I’ve never stayed a Couples resort before–or any other all-inclusive for that matter. My husband and I have prided ourselves on traveling “off the beaten path” when we venture abroad and everytime we’ve stayed here in Jamaica, we’ve chosen smaller hotels with few amenities so it’d force us to meet locals and feel like locals. That said, Couples is a really nice place. I’ll say that on our previous vacations here, we’ve found it hard to “do nothing” for more than three days, then we get bored. There is no reason for you to feel bored here. You can be as idle or as busy as you like. Today was a day off for me to get acclimated so I went on an orientation for new guests and was blown away by how many activities you could do. Call me naive, but I was like “this is why people keep coming back to all-inclusives…This is sweet.” Not as cheesy as I thought it’d be either. I’ll see if I have time/energy after volunteering to take advantage of some of the resources. The staff have been amazingly helpful, friendly and resourceful.

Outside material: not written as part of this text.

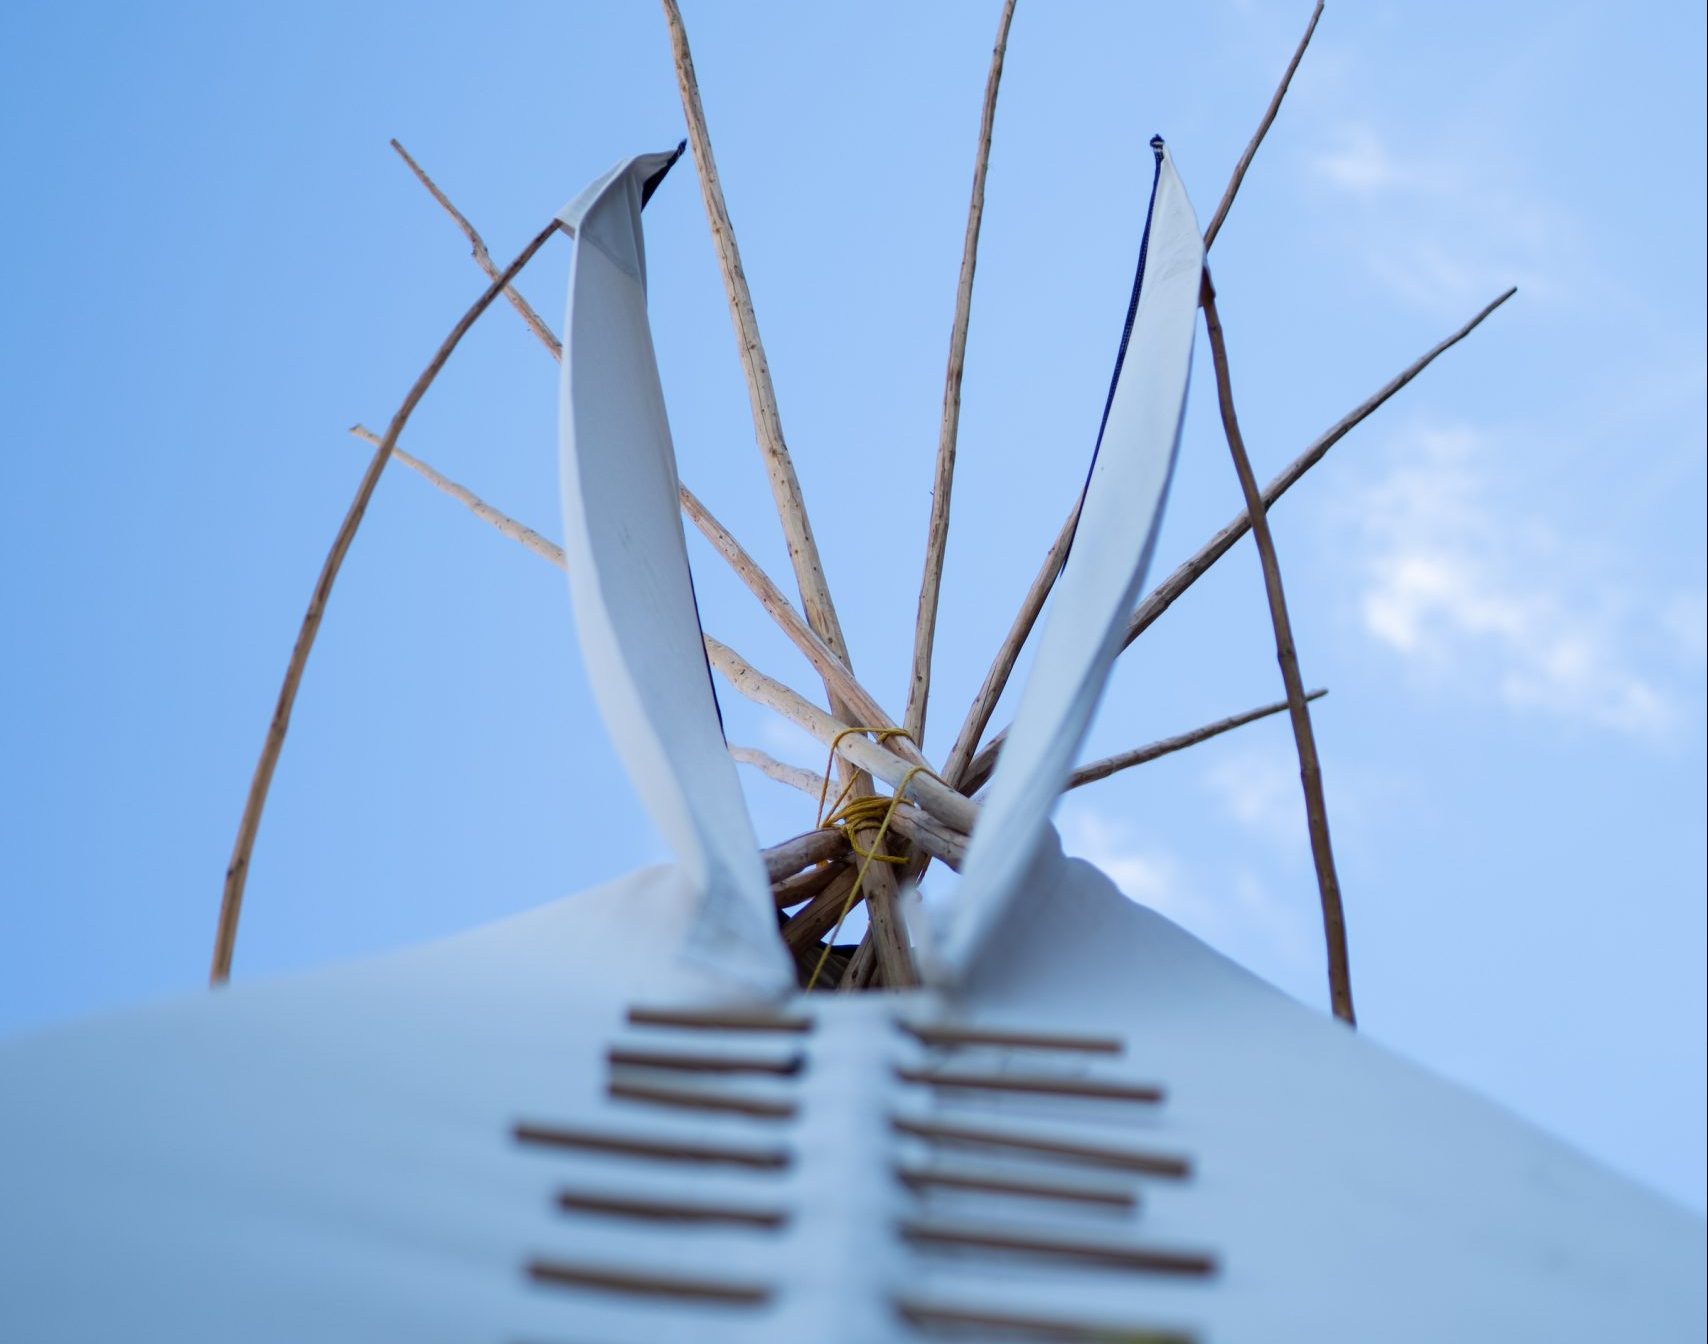 A photo of a tipi, shot at an upwards angle with a blue sky in the background.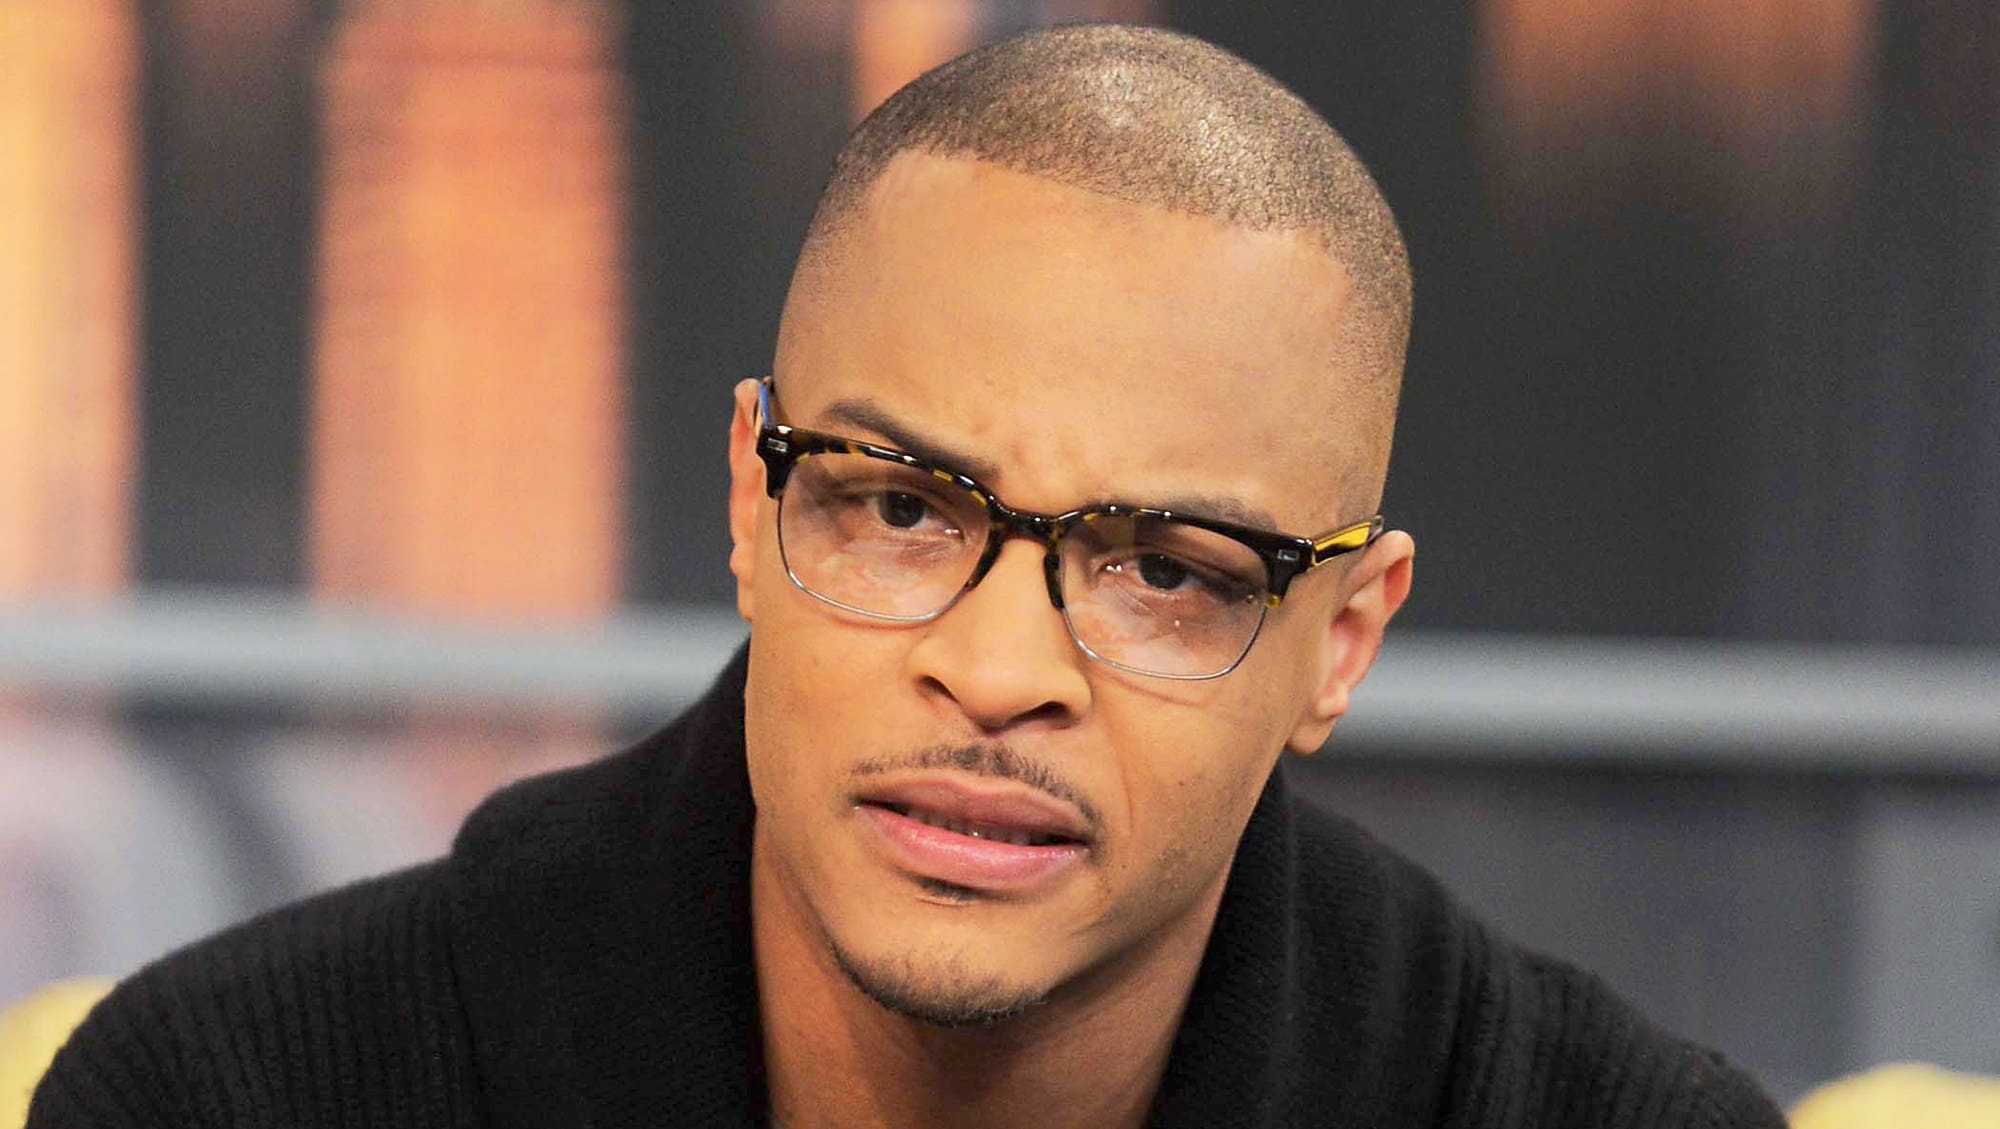 T.I. Tells His Fans To Educate Themselves On Their History - Check Out The David Banner Podcast

The bag that I picked up from reception containing my laptop and pre-paid cell phone was very handy. I wouldn’t have stressed about what kind of walk-around bag to use if I’d known this would be available. It has everything that you need to get started seeing patients: laptop, mouse, latex gloves, reflex hammer, a print out of the ISSA Trust Foundation mission orientation manual that had the contact numbers for everyone, a medication formulary print out. All I need to add is my otoscope/ophthalmoscope, stethoscope and pen and I’m good to go! Also, the villa that I’m staying at has many useful handbooks that I didn’t even think (or have room) to pack! Harriet Lane, Handbook of Medicine in Developing Countries, Atlas of Pediatrics in the Tropics, the AAP Red Book.
…Oh! No need to pack a water bottle either; the resort gives you a very durable plastic one with a clasp to hook it onto any bag you’re carrying…super handy!

Tomorrow is my first day and I’m going to Port Antonio, it’s a long ride, about 2 hours so it should be a pretty long day.